This inaccuracy means that often the gradients calculated for updating the weights end up as zero or infinity for deep networks. This is commonly refered to as the *vanishing gradients* or *exploding gradients* problem. It means that in SGD, the weights are either not updated at all or jump to infinity. Either way, they won't improve with training.


这种不准确性意味着通常为更新权重而计算的梯度最终为深度网络的零或无穷大。这通常被称为 * 消失梯度 * 或 * 爆炸梯度 * 问题。这意味着在SGD中，权重要么根本不更新，要么跳到无穷大。不管怎样，他们都不会随着训练而进步。[机器翻译]

Researchers have developed a number of ways to tackle this problem, which we will be discussing later in the book. One option is to change the definition of a layer in a way that makes it less likely to have exploding activations. We'll look at the details of how this is done in <<chapter_convolutions>>, when we discuss batch normalization, and <<chapter_resnet>>, when we discuss ResNets, although these details don't generally matter in practice (unless you are a researcher that is creating new approaches to solving this problem). Another strategy for dealing with this is by being careful about initialization, which is a topic we'll investigate in <<chapter_foundations>>.


研究人员已经开发了许多方法来解决这个问题，我们将在本书的后面讨论这个问题。一种选择是更改图层的定义，使其不太可能有爆炸式激活。当我们讨论批标准化时，我们将在 <<chapter_convolutions>> 和 <<chapter_resnet>> 中详细讨论如何实现这一点，当我们讨论ResNets时，尽管这些细节在实践中并不重要 (除非你是一名正在创造新方法来解决这个问题的研究员)。处理这个问题的另一个策略是小心初始化，这是我们将在 <<chapter_foundation>> 中研究的一个主题。[机器翻译]

For RNNs, there are two types of layers that are frequently used to avoid exploding activations: *gated recurrent units* (GRUs) and *long short-term memory* (LSTM) layers. Both of these are available in PyTorch, and are drop-in replacements for the RNN layer. We will only cover LSTMs in this book; there are plenty of good tutorials online explaining GRUs, which are a minor variant on the LSTM design.

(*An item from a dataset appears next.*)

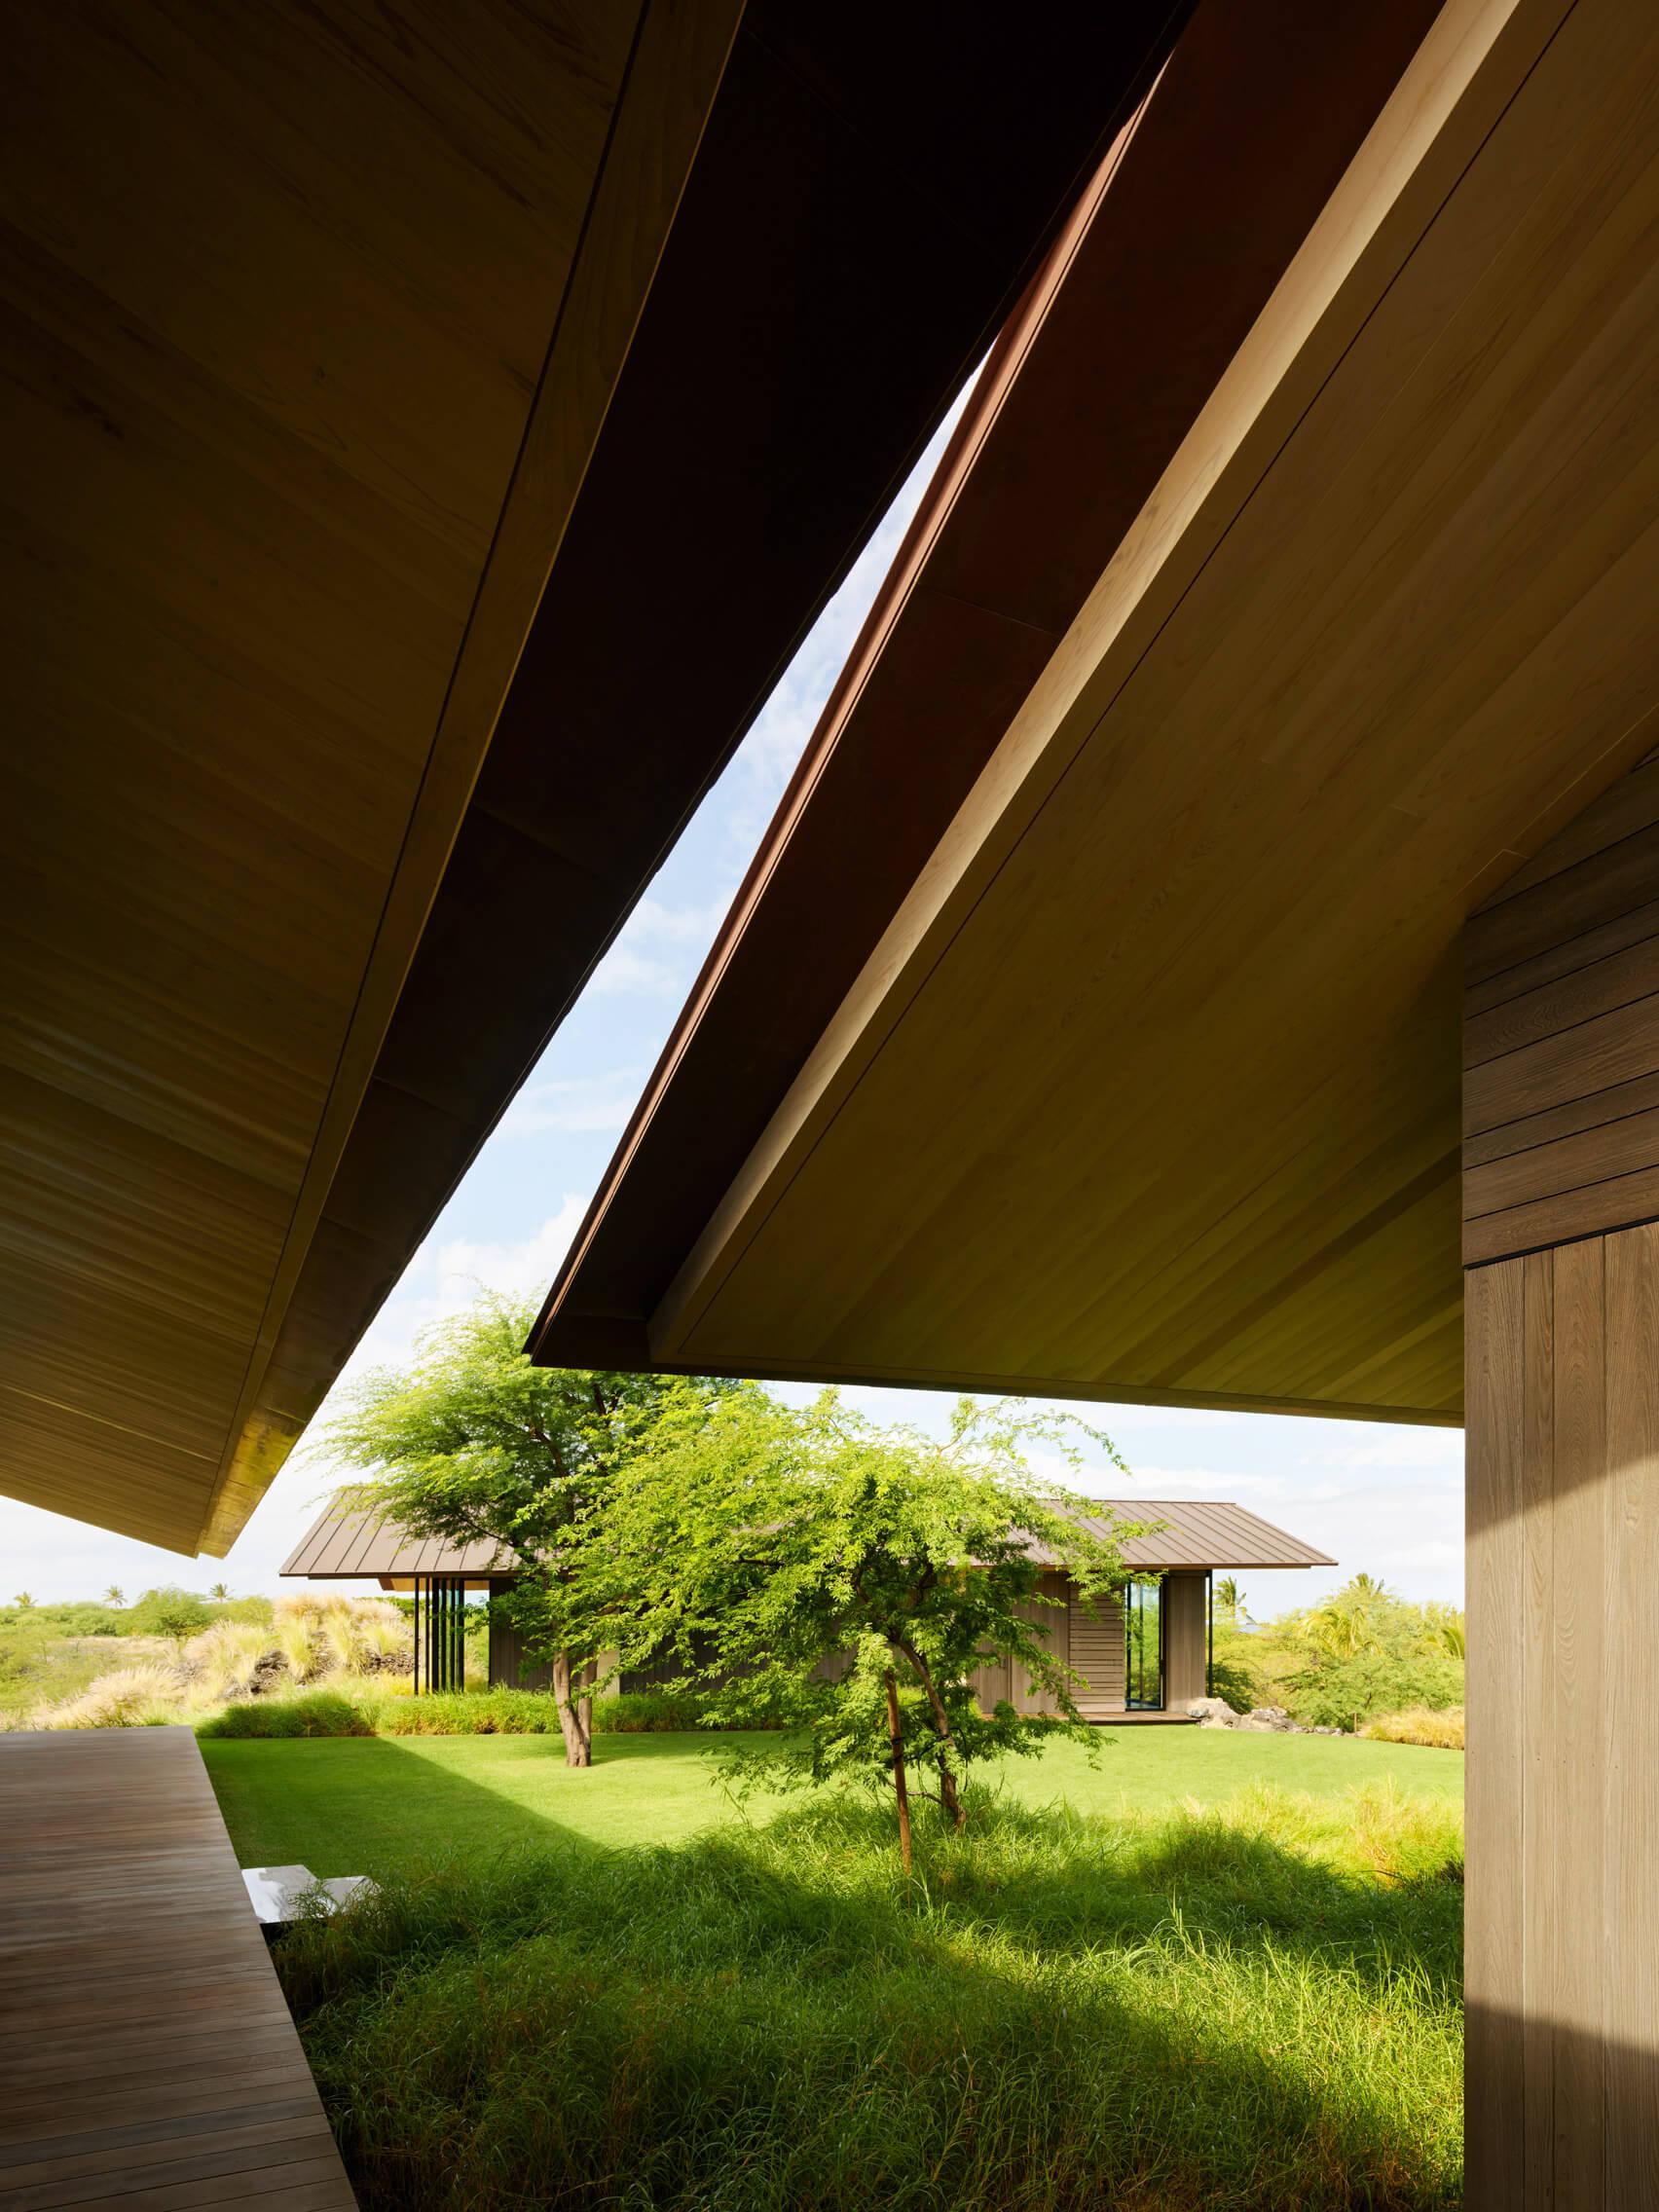 معماران واکر وارنر در چشم انداز هاوایی

对于rnn，有两种类型的层经常用于避免爆炸激活: * 门控复发单位 * (GRUs) 和 * 长短期记忆 * (LSTM) 层。这两者都在PyTorch中可用，并且是RNN层的插入替换。我们将只在本书中涵盖LSTMs; 有很多很好的在线教程解释GRUs，这是LSTM设计的一个小变体。[机器翻译]

## LSTM

# # LSTM[机器翻译]

LSTM is an architecture that was introduced back in 1997 by Jürgen Schmidhuber and Sepp Hochreiter. In this architecture, there are not one but two hidden states. In our base RNN, the hidden state is the output of the RNN at the previous time step. That hidden state is then responsible for two things:


LSTM是由j ü rgen Schmidhuber和Sepp Hochreiter于1997年推出的架构。在这个架构中，隐藏状态不是一个而是两个。在我们的基本RNN中，隐藏状态是RNN在前一个时间步长的输出。然后隐藏状态负责两件事:[机器翻译]

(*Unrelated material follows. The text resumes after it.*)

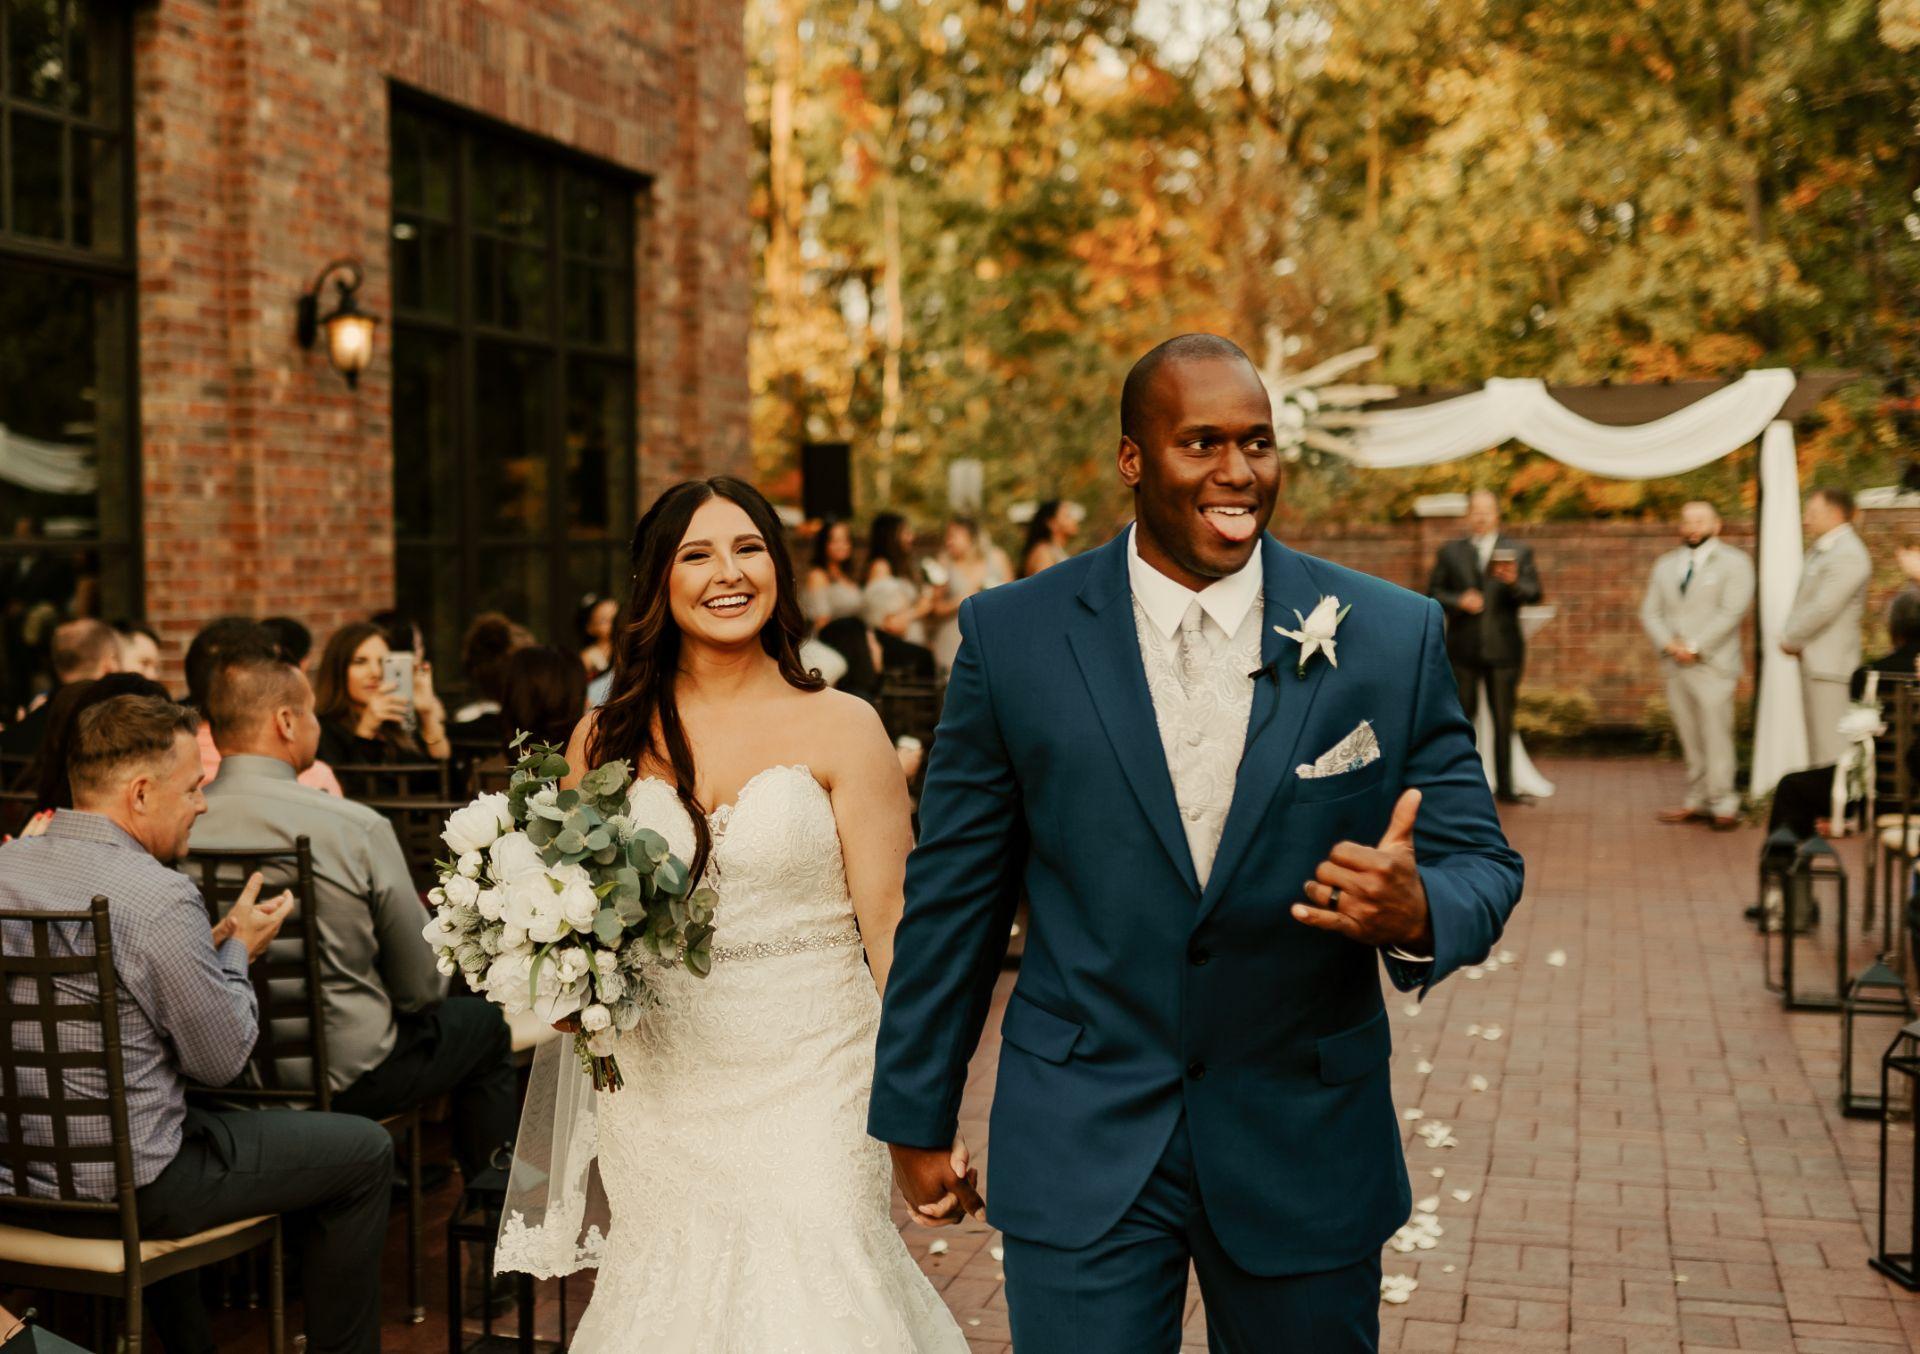 Grace-J-Photo_Columbus-Wedding-Photographer-34-of-49-large

- Having the right information for the output layer to predict the correct next token
- Retaining memory of everything that happened in the sentence


-为输出层提供正确的信息来预测正确的下一个令牌
-保留句子中发生的一切的记忆[机器翻译]

Consider, for example, the sentences "Henry has a dog and he likes his dog very much" and "Sophie has a dog and she likes her dog very much." It's very clear that the RNN needs to remember the name at the beginning of the sentence to be able to predict *he/she* or *his/her*. 


例如，考虑句子 “亨利有一只狗，他非常喜欢他的狗” 和 “索菲有一只狗，她非常喜欢她的狗。”很明显，RNN需要记住句子开头的名字，以便能够预测 * 他/她 * 或 * 他/她 *。[机器翻译]

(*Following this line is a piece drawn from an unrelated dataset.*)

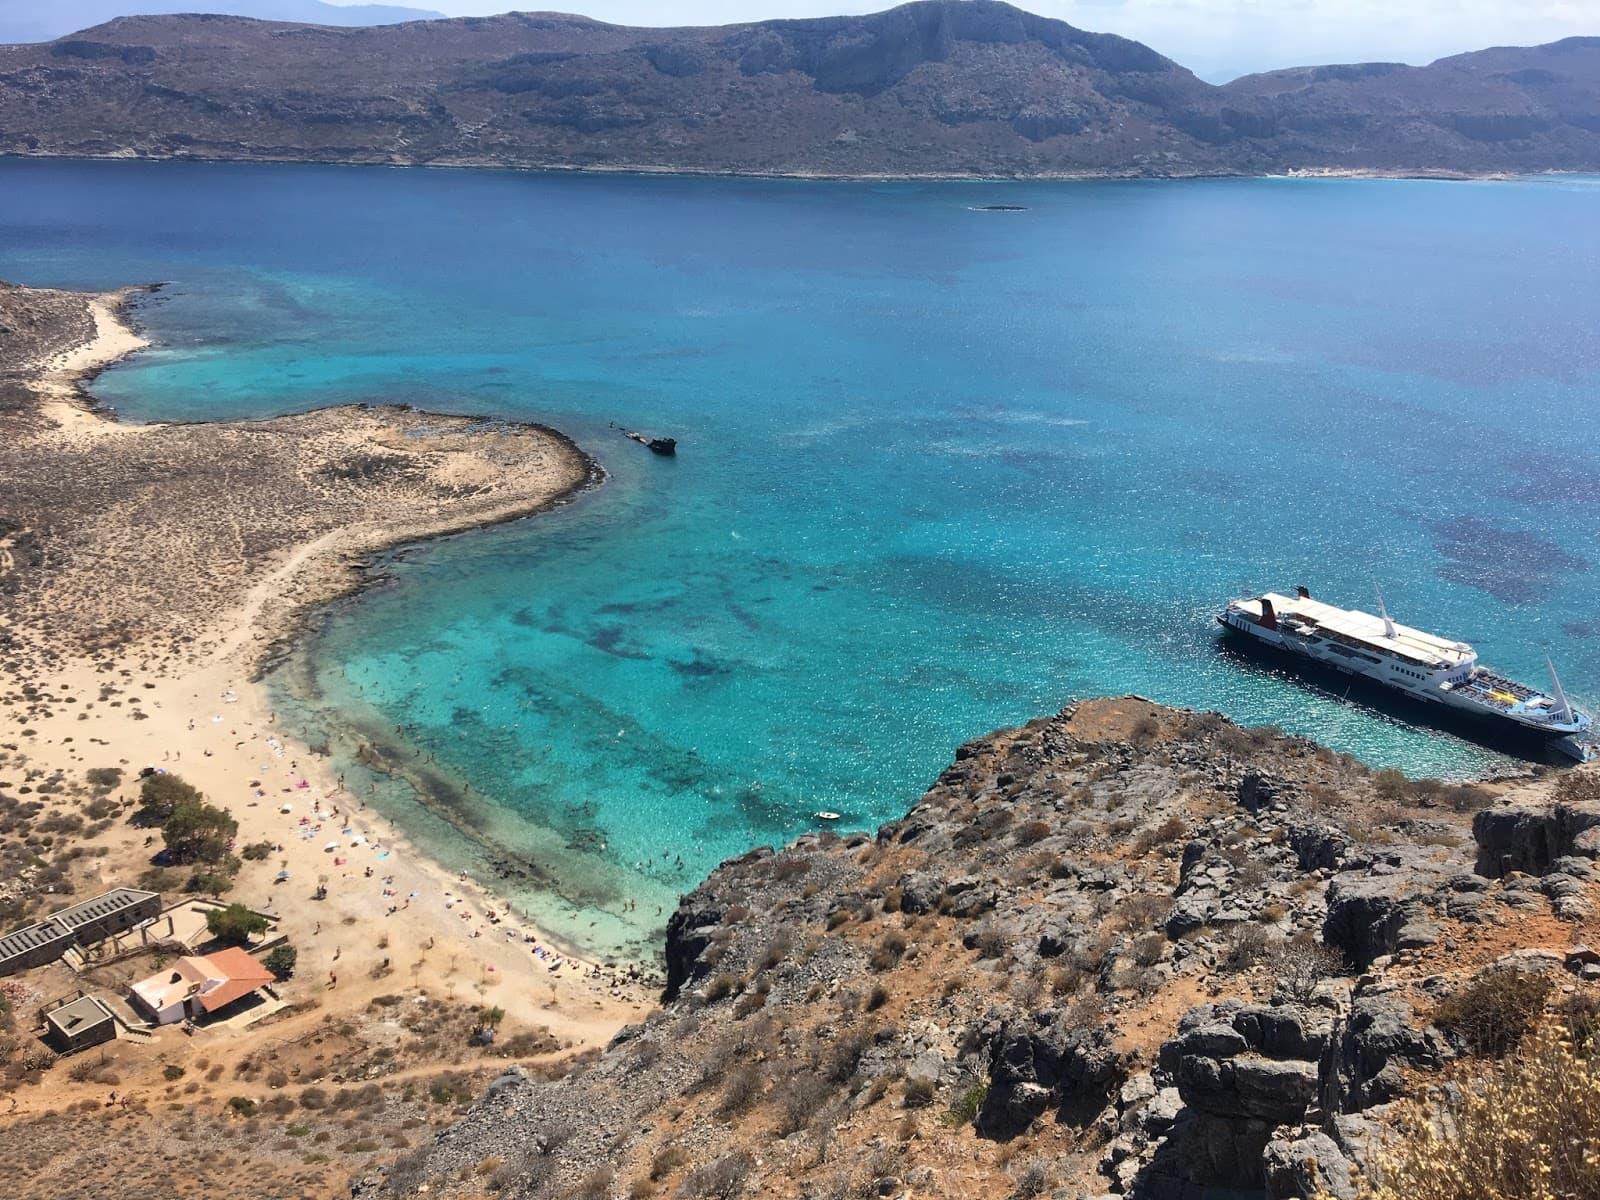 Достопримечательности острова Крит, Греция

In practice, RNNs are really bad at retaining memory of what happened much earlier in the sentence, which is the motivation to have another hidden state (called *cell state*) in the LSTM. The cell state will be responsible for keeping *long short-term memory*, while the hidden state will focus on the next token to predict. Let's take a closer look and how this is achieved and build an LSTM from scratch.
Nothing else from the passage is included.